The Heart of Darkness

The journey starts at 2014 when I was in Barcelona, working at Institute of Space Sciences (CSIC-IEEC). For many times Diego and I had talked about the possible gamma-ray emission from microquasars. Microquasars are binary systems comprising a compact object and a companion star. The material from the companion star accumulates in an accretion disc before falling into the compact object, like water in the whirl above the drain of a bath tub. A part of that matter does not fall down the drain but shoots out at high speed in two narrow jets in opposite directions above and below the rotating accretion disk, influencing the interstellar environment around them. This setting is known from active galaxies called quasars with monstrous black holes with millions of solar masses at their centres that shoot jets tens of thousands of lightyears into the cosmos. Their Galactic scaled-down versions are dubbed as microquasars. As powerful particle accelerators in the Galaxy, gamma-ray emissions are expected from microquasar systems but none was conclusively detected by then.

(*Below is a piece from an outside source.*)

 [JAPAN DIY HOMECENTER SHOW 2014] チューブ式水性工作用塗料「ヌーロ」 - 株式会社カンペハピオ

After several discussions during the period of NewCompstar School 2014 at Barcelona, we chose SS 433, a unique microquasar with powerful jets and outflows, as our target for gamma-ray emission. SS 433 locates in the constellation Aquila, consists of a giant star with about 30 solar masses and a black hole with about 10 to 20 solar masses. Its powerful jet and outflows continuously eject materials to the interstellar space, inflating a nebula around it, the W50 nebula.

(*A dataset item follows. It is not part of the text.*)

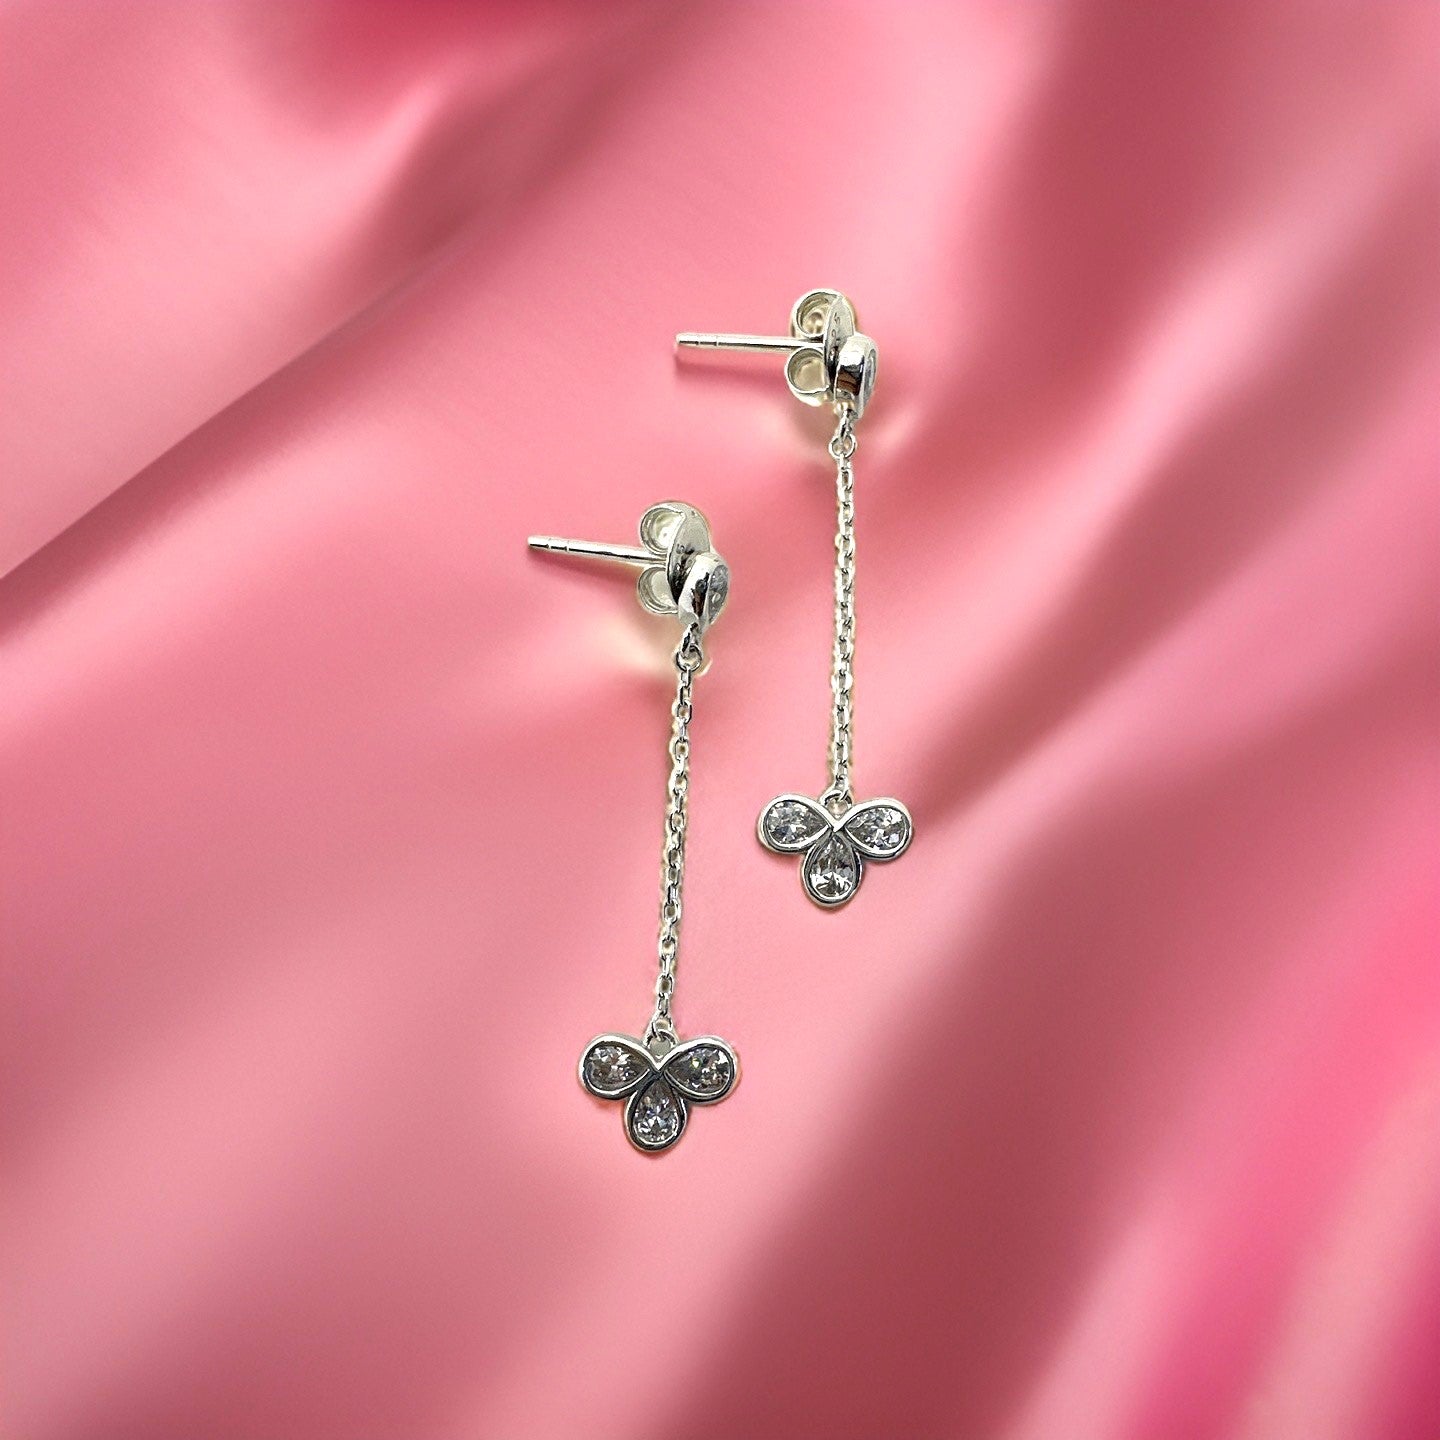 Elegant Earrings in Sterling Silver and White Zircon Stones

Analyzing six years of Fermi/LAT data, no significant gamma-ray emission could be firmly attributed to SS 433 by then. We continuously monitored the source and began the long waiting. After five years, in 2019, a gamma-ray source, Fermi J1913+0515, is identified to be linked with SS 433, showing periodic flux change with the same period of jet precession in SS 433 system. Fermi J1913+0515 is relatively far from the central binary and the jet terminal lobes. It lies in a dark area, and the only notable thing at the location of the gamma-ray excess is a cloud which is ~ 100 light years away from the central black hole.

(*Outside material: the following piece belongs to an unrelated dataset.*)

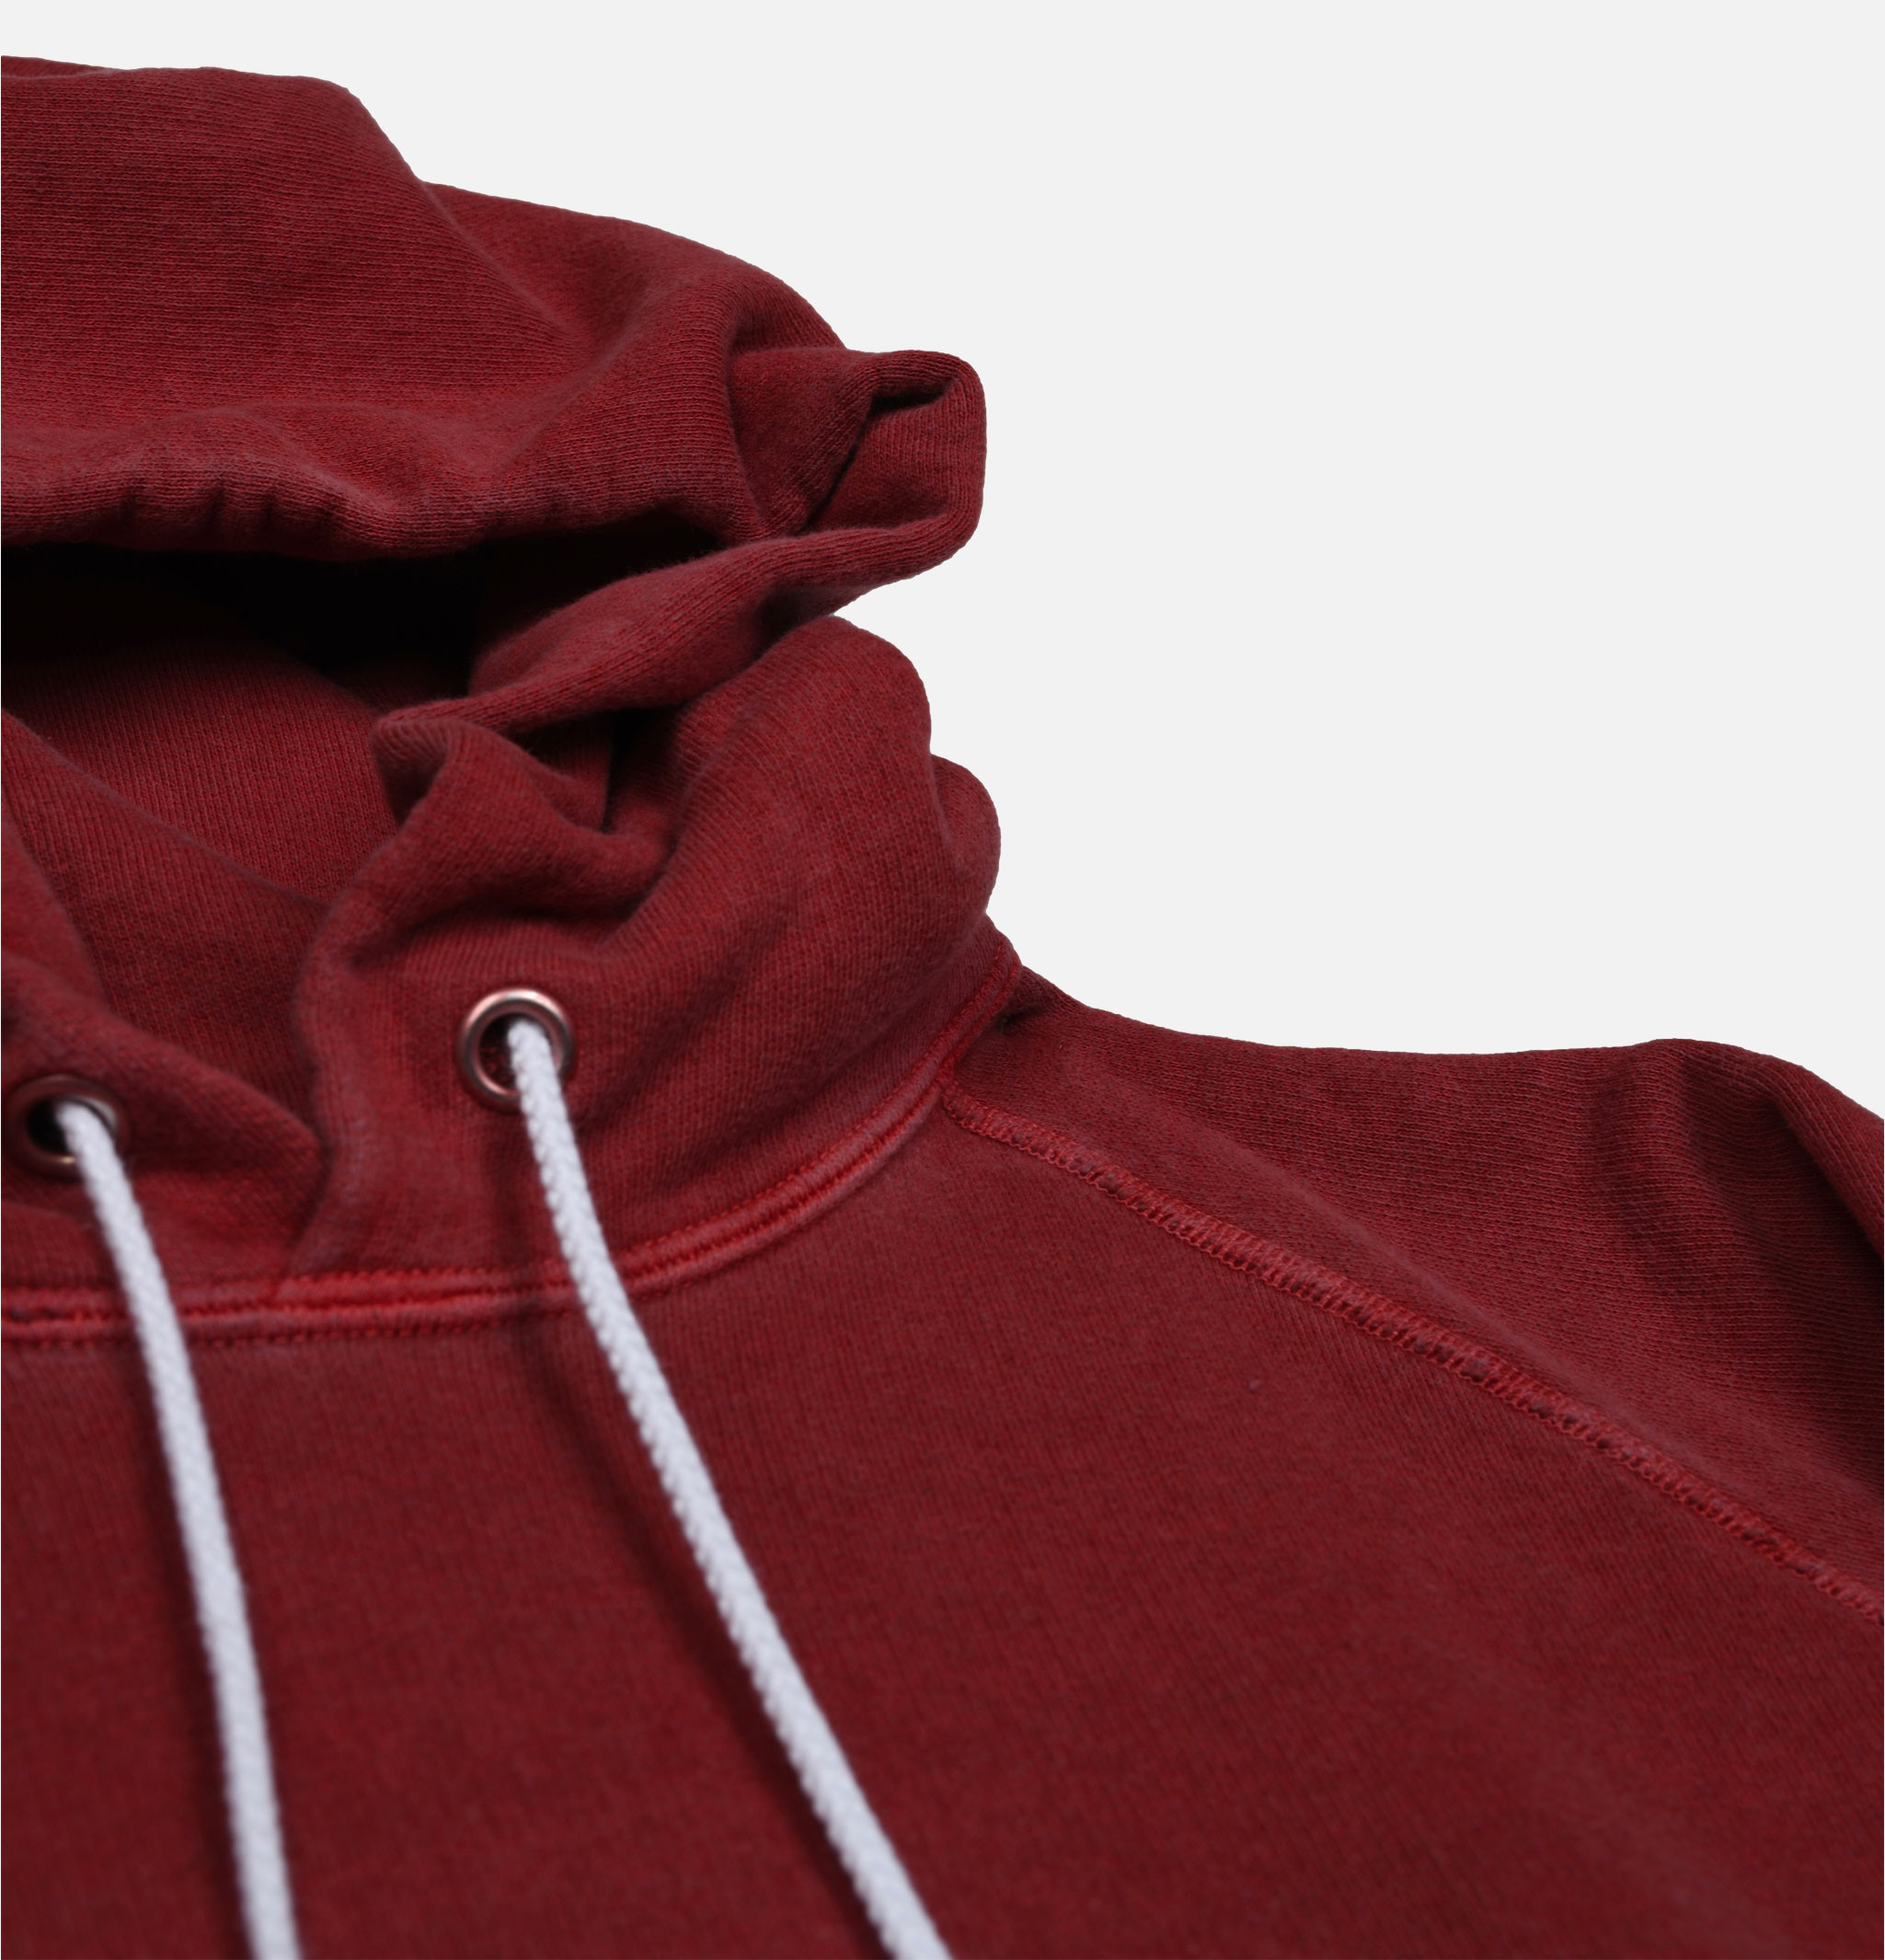 Good On Japan Pullover Hooded Sweatshirt Red

Detecting a periodicity from SS 433 is actually something expected and predicted, since the precession period itself is long-known. But why the location of the source does not match SS 443 or the jets? What is the origin of the gamma-ray heartbeat from the cloud? We tried direct periodic illumination of the cloud by the jet but it seems unlikely. The helical morphology of the jets is lost after several precession cycles, because of interaction with the surrounding interstellar medium. On the other hand, Fermi J1913+0515 is not located within the extrapolated jet cone. An alternative source for high energy particle injection could be the relativistic equatorial outflow, which precesses in solidarity with the jet and the accretion disk, having a favorable geometry. Through anisotropic diffusion along a flux tube, protons in the relativistic equatorial outflow from SS 433 injected to the cloud region may explain the gamma-ray heartbeat we observed. To maintaining the periodic coherence, it requires the protons to interact in a small clump or cusp of dense molecular clouds. To test this, we just finished 16 hours of observation with IRAM 30m telescope in August 2020. These new observations will help us to identify the expected dense molecular clouds, test and further constrain the possible hadronic origin of the GeV heartbeat observed in Fermi J1913+0515.
The story of SS 433 is to be continued.